No one was as young as they used to be. She bit her tongue, not wanting to say something she’d have to apologize for later.

  “You were a fool to be out on that wet rock, you know that, don’t you, Elisheba?”

  Jochebed stared at Sarah, dumbfounded. Couldn’t the old woman see her mother was in agony?

  “We’ve both been fools a time or two, haven’t we, Elisheba? Remember that night when I fell trying to see…?” Sarah poked her nose closer to Elisheba’s face. “You took care of me, but did you ever tell?”

  Her mother groaned and shook her head. “Never. I promised.”

  “What about the time we caught…”

  “I’ll never forget…”

  Speechless, Jochebed listened to the half-sentence remembrances of the women and tried to think of a way to make Sarah hush—or better yet, leave.

  At last Shiphrah limped into the room, hesitating when she saw Sarah. At a nod from Jochebed, she knelt by Elisheba and began to probe the injured leg. When Elisheba gasped, Shiphrah sat back on her heels.

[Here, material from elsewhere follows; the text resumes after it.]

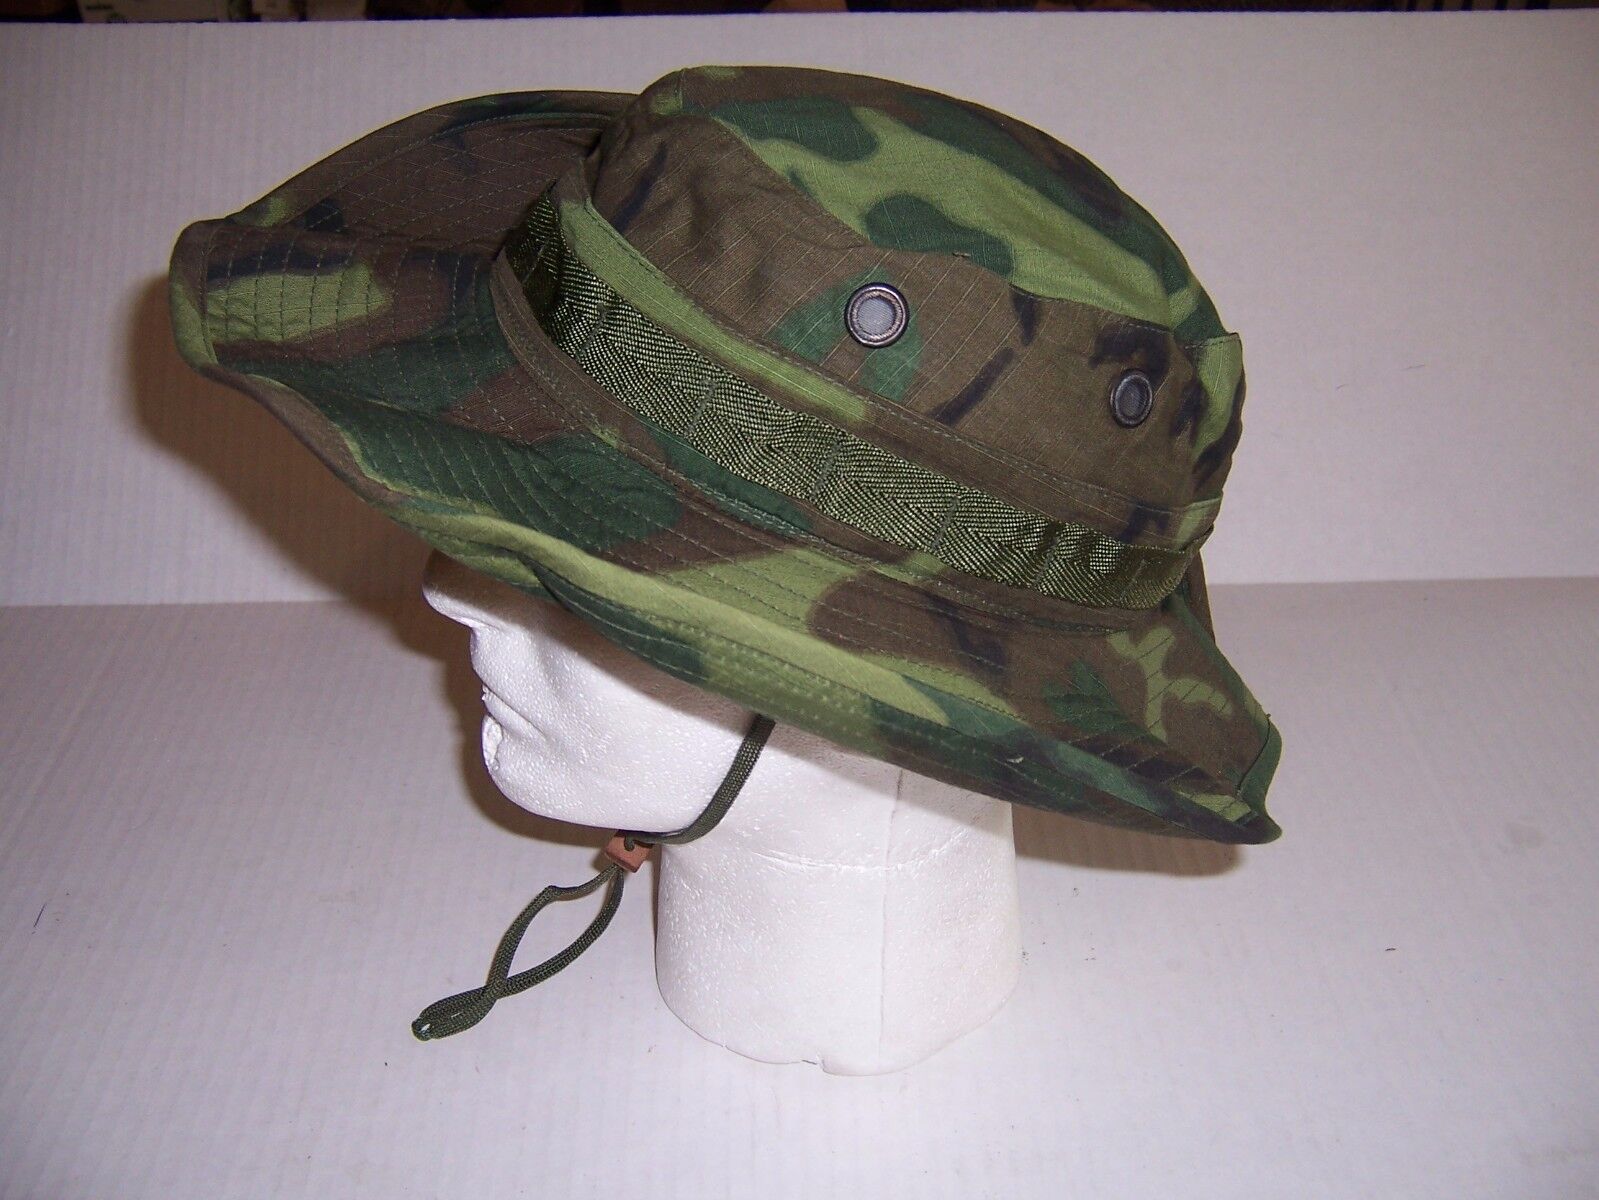 New genuine Vietnam war camouflage boonie tropical hat cap 1969 date made USA

  “Mama Elisheba, your hip is broken. I will try to set it, and then you must not move until it heals. Sarah, I need your help. Jochebed, I left Miriam with Puah. You need to take Aaron and leave. Maybe you could go to Lili’s, but you do not want to be here.”

  Jochebed opened her mouth to protest, but when both Sarah and Shiphrah glared at her, she picked up her son and left. She had not gone far when she heard the scream. She burst into tears for her mother’s pain. Unaware of where she wandered, she saw a door open and Lili’s curved form silhouetted against the light. Without a word, Lili pulled her inside and pushed her down onto a stool.

  “You’re shaking, Bedde. Here, drink this.”

  Jochebed took the cup, hoping she wouldn’t drop it. Lili took Aaron from her and waited until Jochebed began to calm.